> [Information shown]:

Content starts

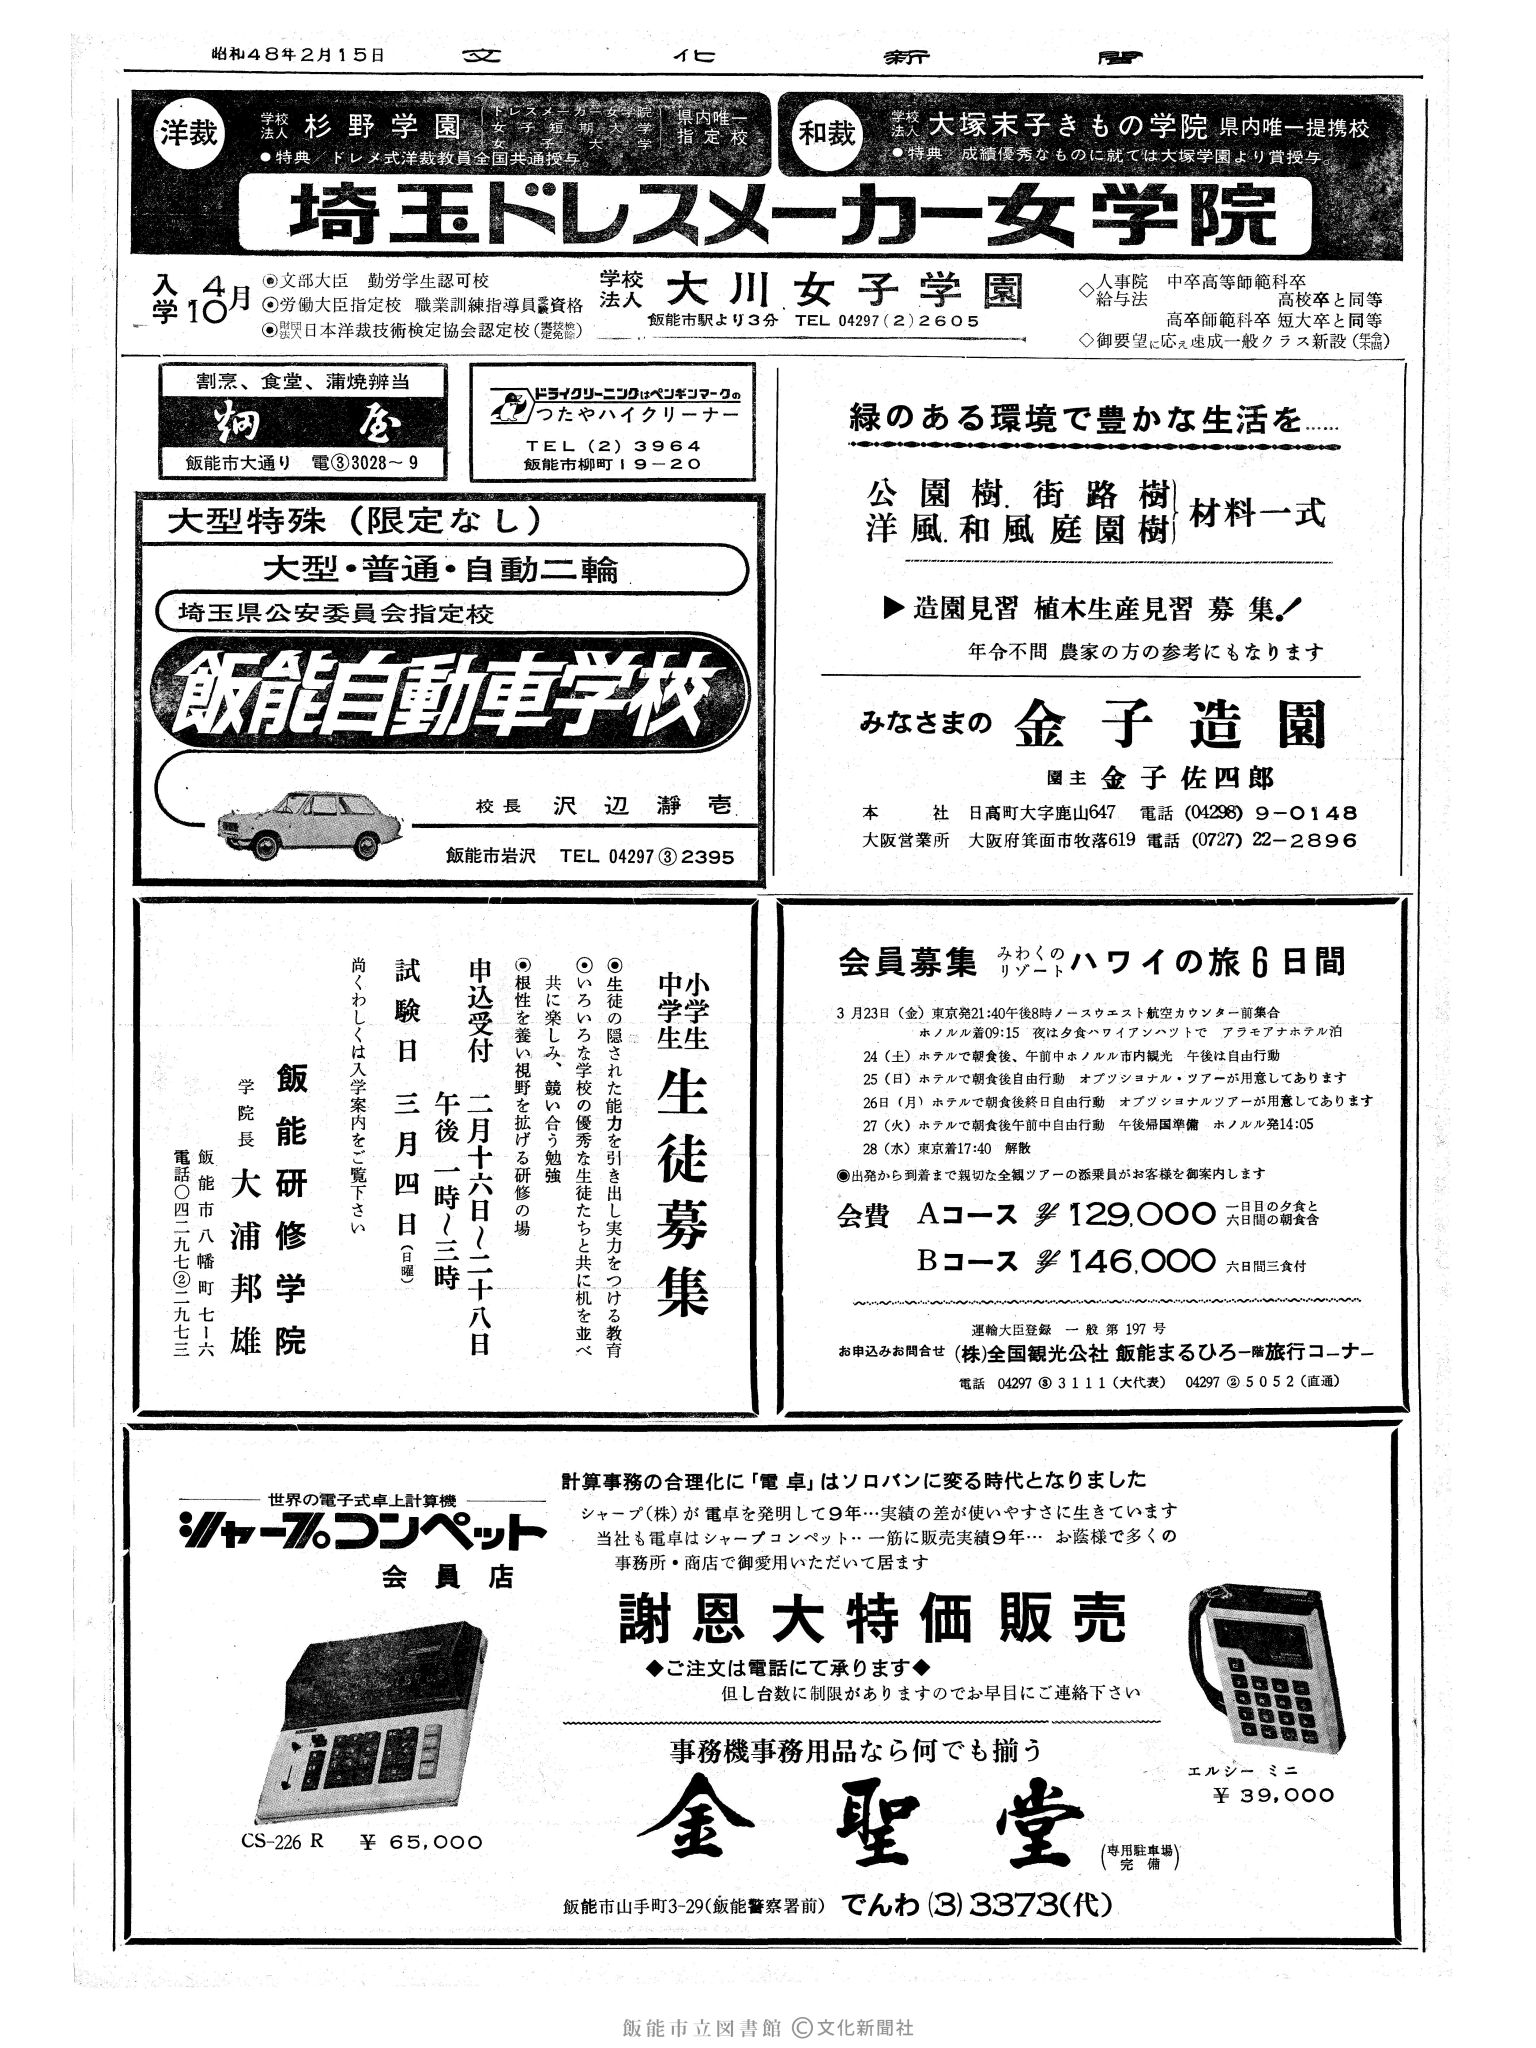 昭和48年2月15日2面 (第7458号) 広告ページ
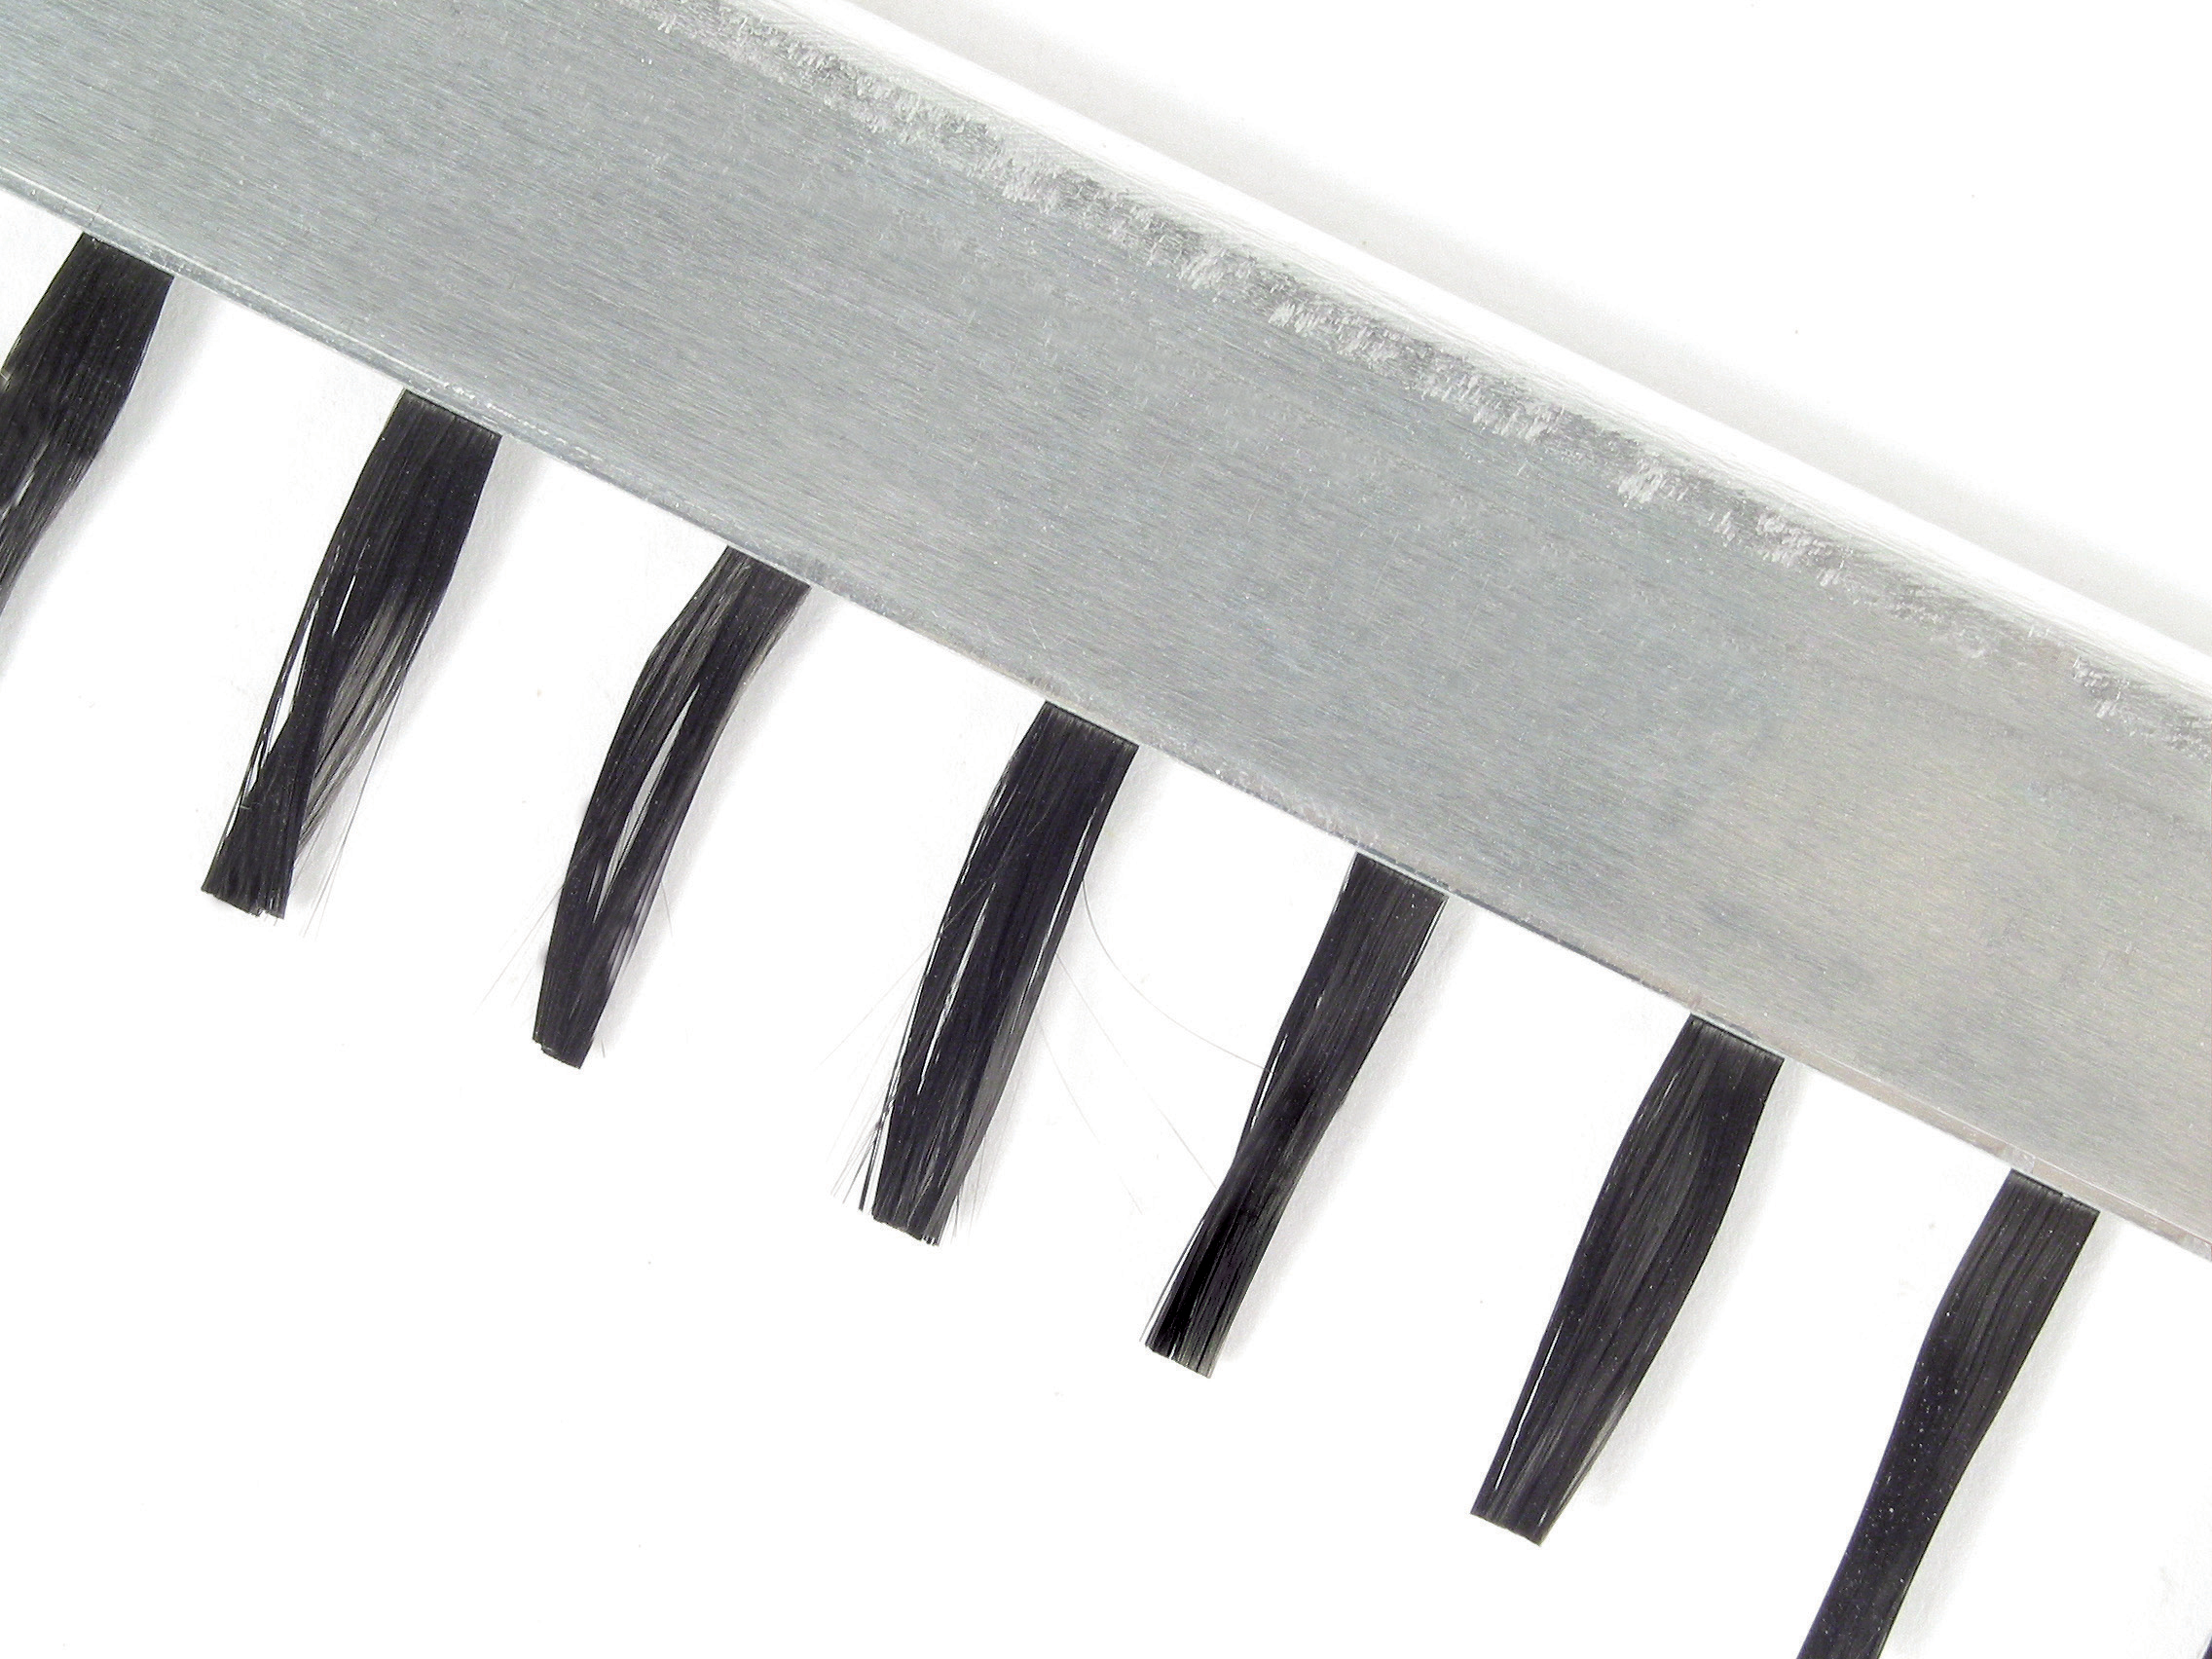 Antistatic brush - For sensitive surfaces - Carbon fibre bristles - 
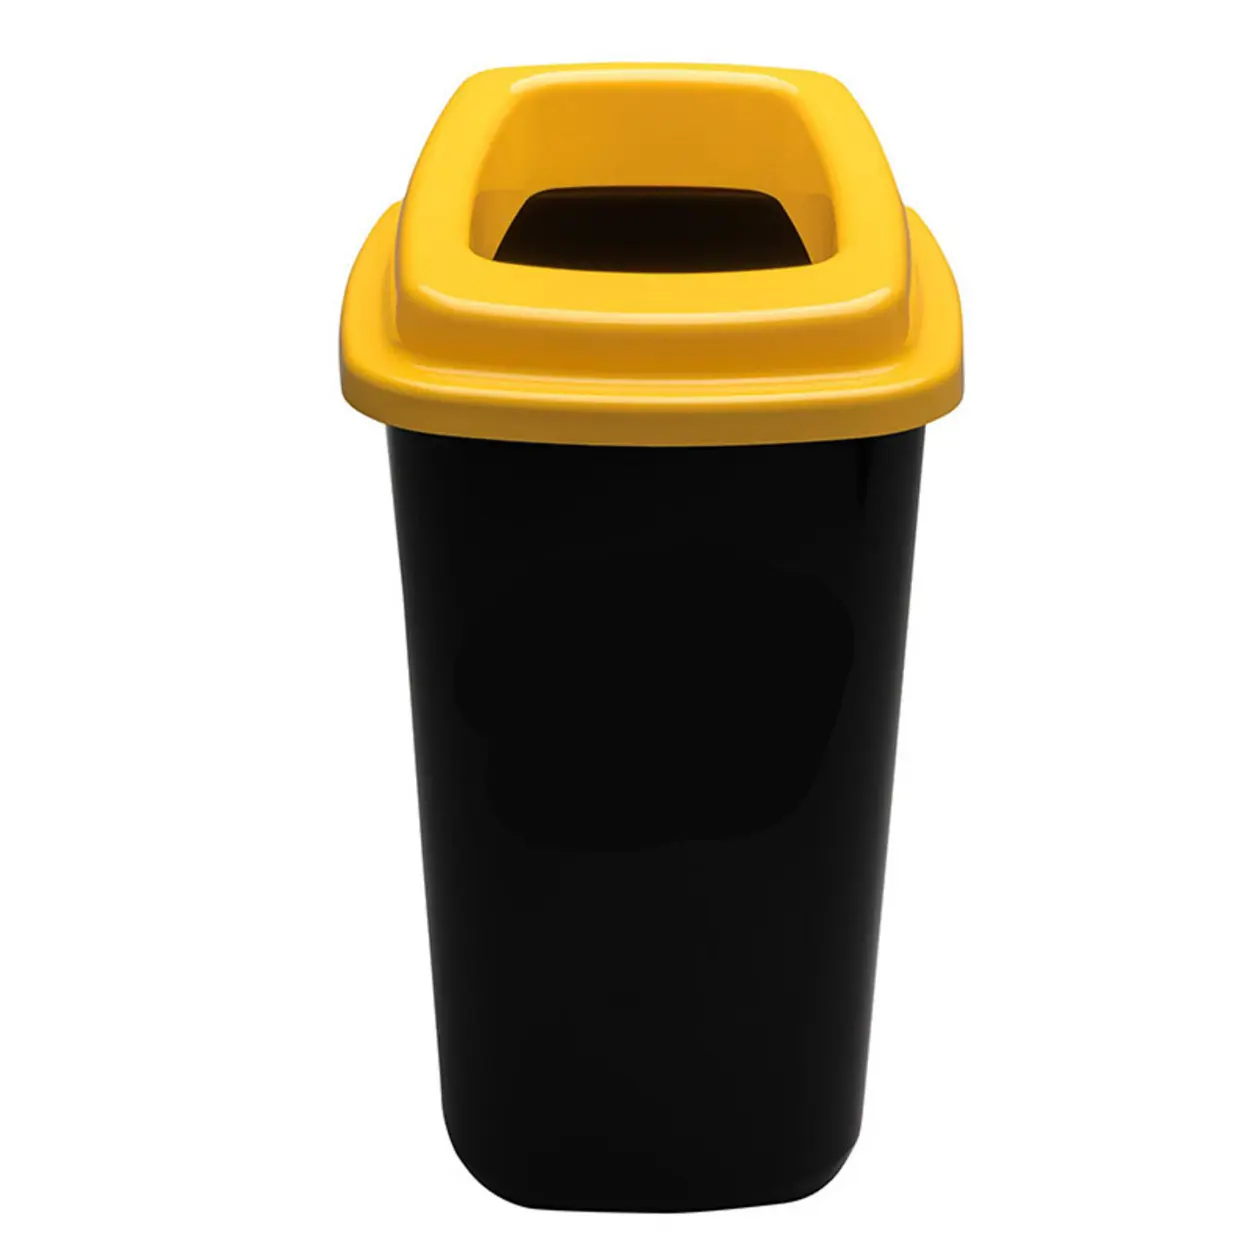 Plastikowy kosz do segregacji śmieci, 45 l, żółty

Content ends

> [Directions for this task]: Please restate the whole listing exactly, without any of its pictures.

> [Output of the task]:
 昭和48年2月15日2面 (第7458号) 広告ページ
 Antistatic brush - For sensitive surfaces - Carbon fibre bristles - 
 Plastikowy kosz do segregacji śmieci, 45 l, żółty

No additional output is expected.